Botkit by Howdy and Microsoft Bot Framework are cited as examples of rule-based frameworks.

Cloud NLP Services
Cloud NLP services don’t require developers to have training in machine learning, but they offer some of the advantages machine learning affords. The playbook notes that most cloud NLP services offer pre-trained machine learning models for the most commonly used consumer domains, such as weather, music, and travel. Developers can piggyback on this training, while also leveraging intent recognition and entity classification services. For developers building apps in common consumer domains, cloud NLP services can be a quick way to get an app deployed that is far less brittle than an app relying on a rule-based approach. The downside is that by using a cloud NLP service, a company is providing its training data to the cloud service. Another negative is that for developers and companies building apps that fall outside the service’s pre-trained domains, the service doesn’t offer much of a leg up.

Google’s api.ai and Facebook’s wit.ai are offered as examples of cloud NLP services.

Machine Learning Toolkits
Machine Learning toolkits are the domain of AI researchers and not for the faint of heart. These toolkits provide access to low-level algorithms, such as deep learning models. Unfortunately, these tools aren’t ready to use out-of-the-box in the same way that cloud NLP services are. They aren’t pre-populated with training data. They offer bare bones access to complex algorithms and require developers to do all the heavy lifting.
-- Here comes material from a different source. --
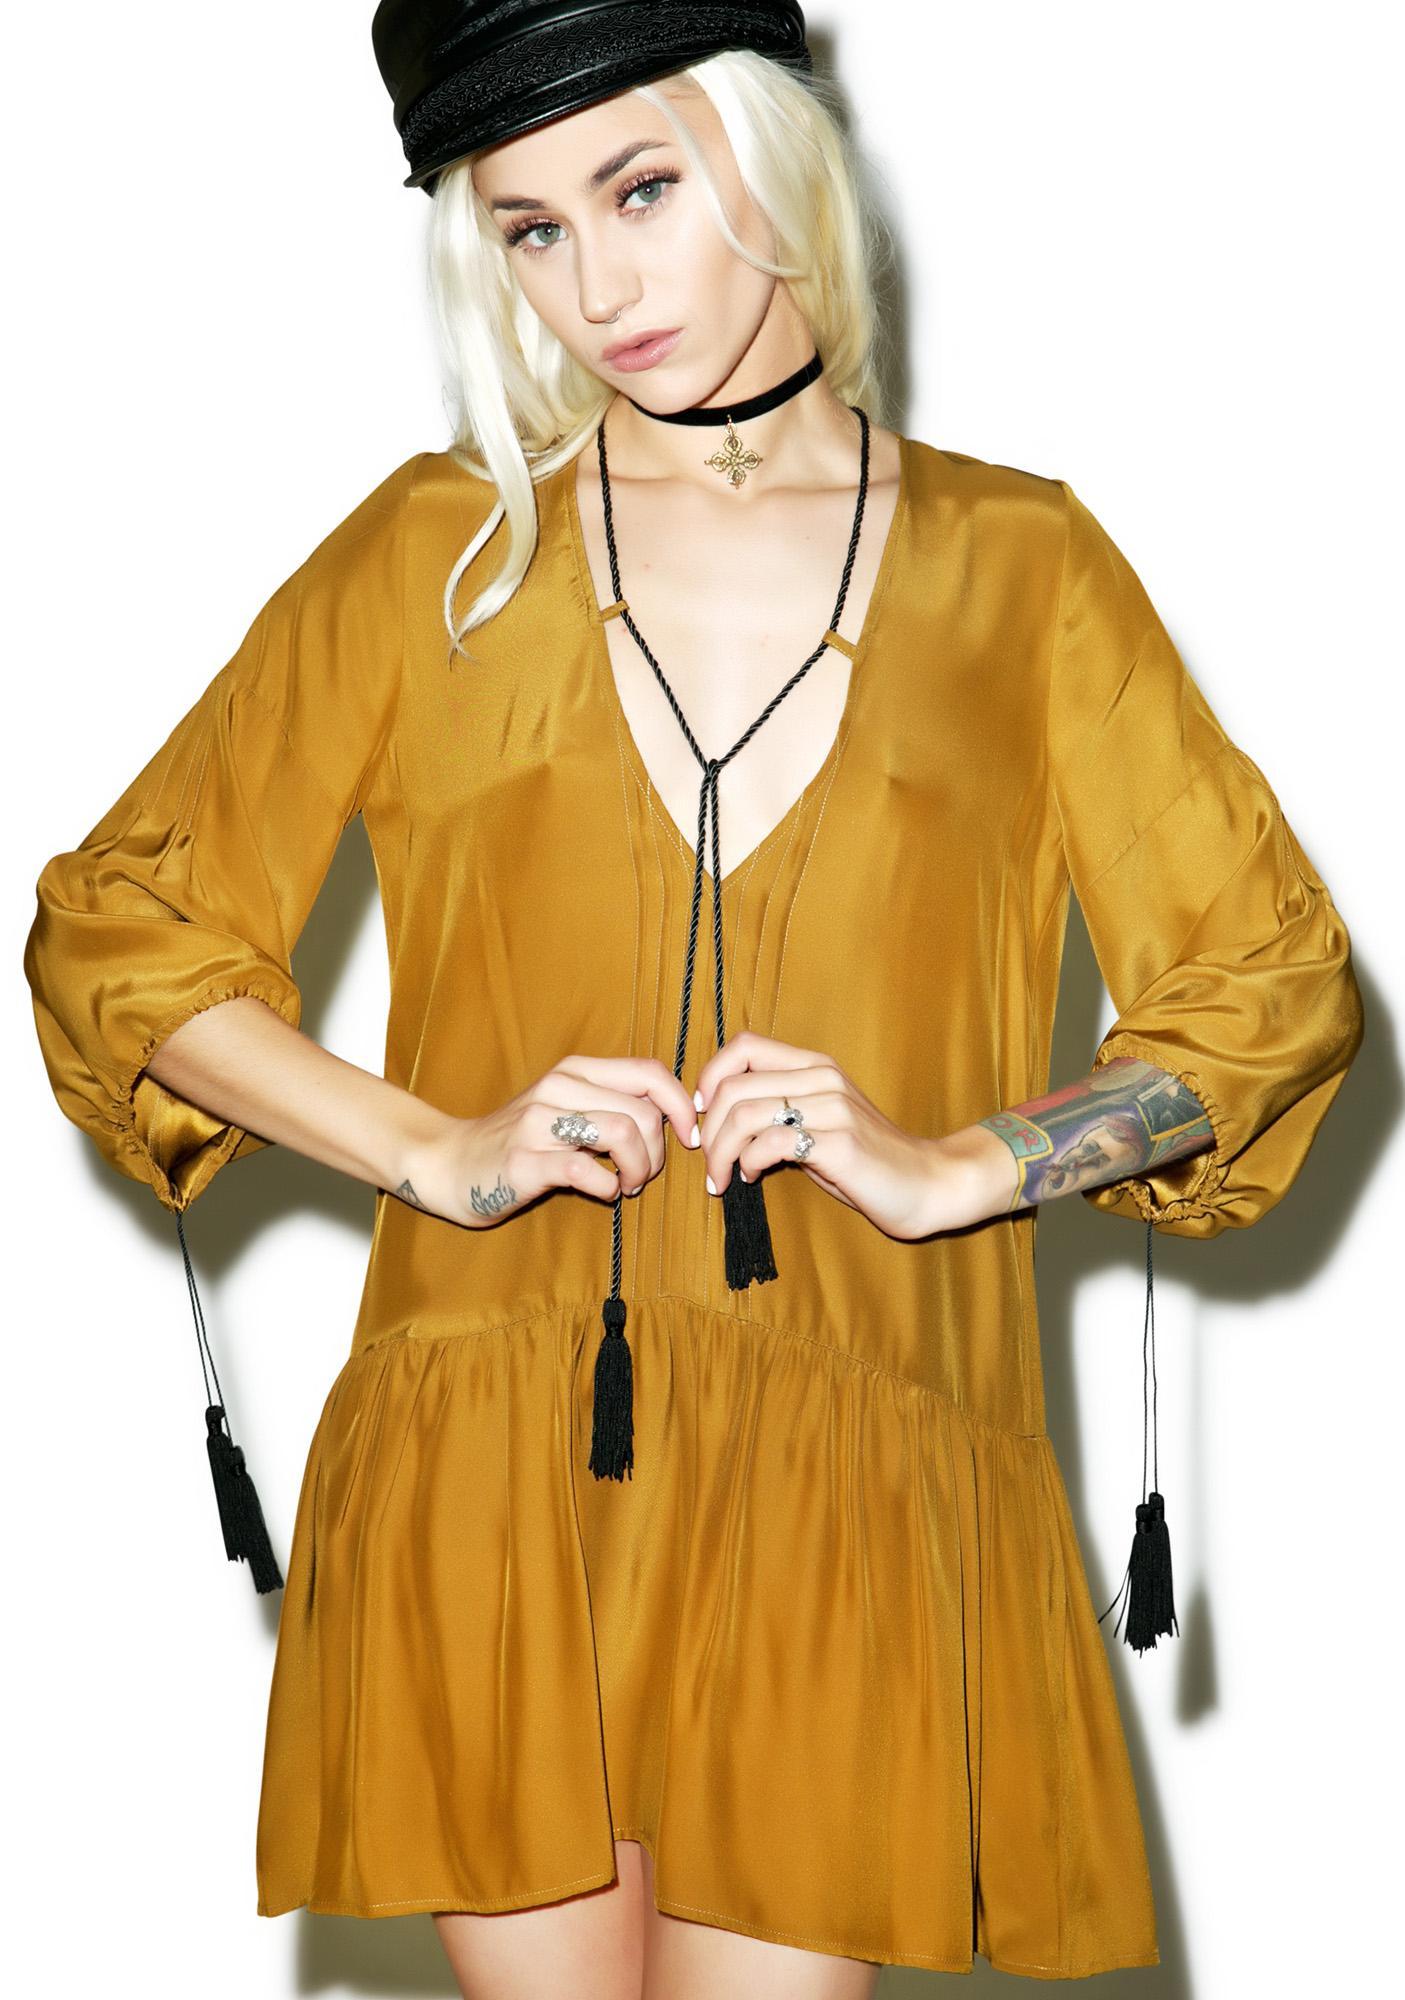 For Love & Lemons Monterey Mini Dress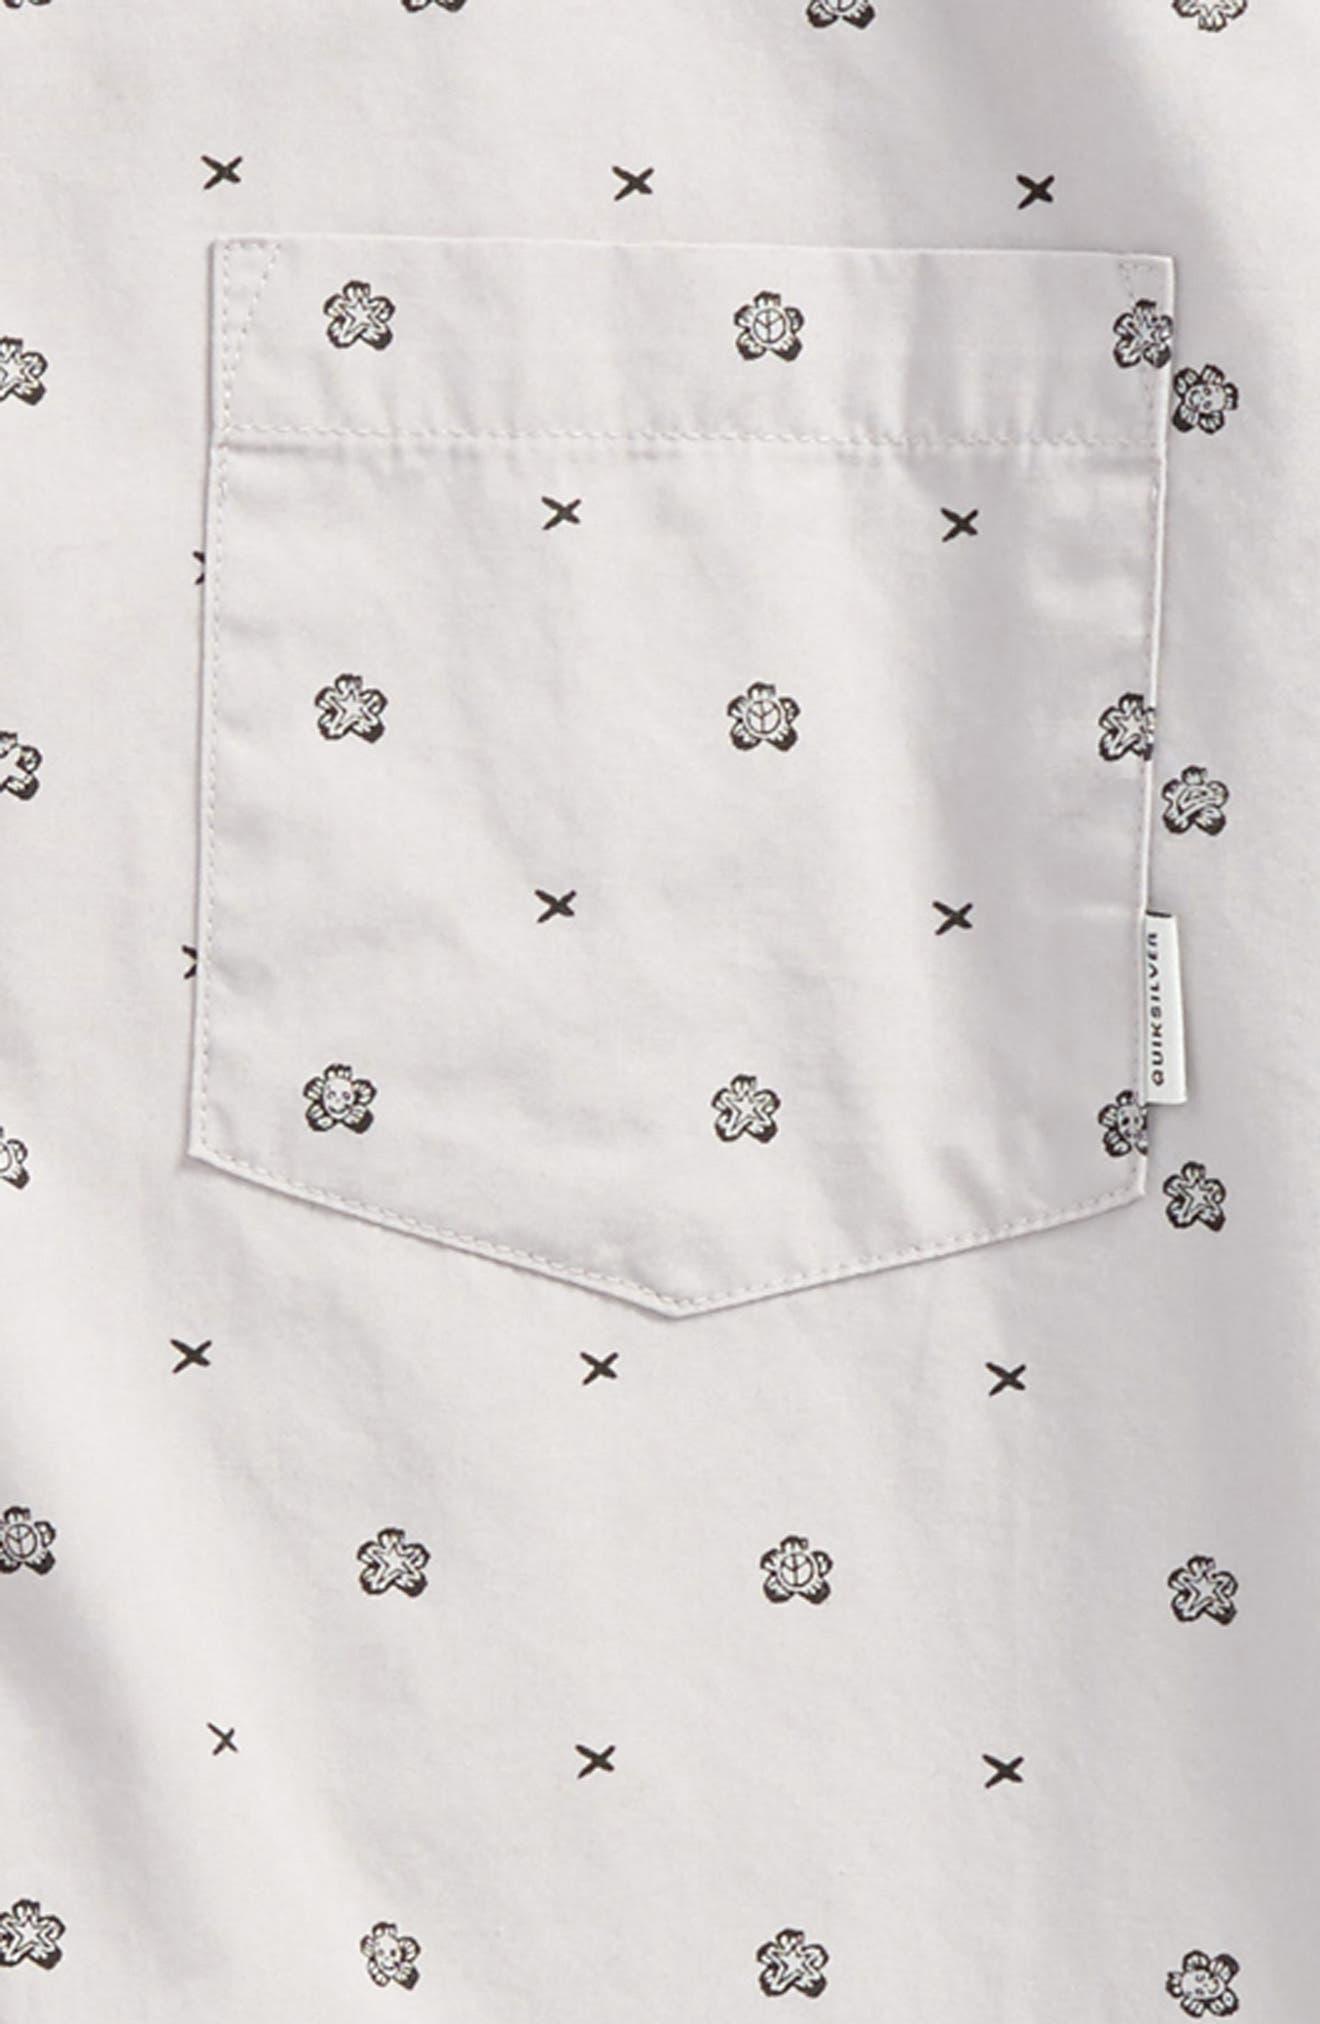 Kamanoa Woven Shirt,                             Alternate thumbnail 3, color,

As a result, machine learning toolkits aren’t really a viable option for most companies that want to build conversational apps.

Popular machine learning toolkits cited in the playbook include Google’s TensorFlow and Microsoft Cognitive Toolkit.

Conversational AI Platforms
The playbook describes conversational AI platforms as falling somewhere between cloud NLP services and machine learning toolkits. A recent entrant into the marketplace, conversational AI platforms offer much of the technical power of hard-to-use machine learning toolkits, while offering developers a layer of abstraction that makes these powerful tools more user-friendly. Conversational AI platforms offer a full suite of natural language processing tools, which include intent classification, entity recognition, entity resolution, question answering, and dialogue management. The upside of this platform is that they enable companies to build custom conversational apps for any domain, so long as the company has access to training data. These platforms also don’t require the company to share their proprietary data with a cloud service. The downside is that conversational AI platforms require more knowledge and skill to use. Developers should have training in machine learning and data science best practices.

The playbook cites MindMeld’s own MindMeld Workbench as an example of a conversational AI platform.

The MindMeld playbook goes on to provide a step-by-step guide to designing, building, and deploying a conversational application. The playbook offers valuable guidance for companies ready to roll up their sleeves and dive into the details of constructing conversational interfaces to delight their customers and prospects.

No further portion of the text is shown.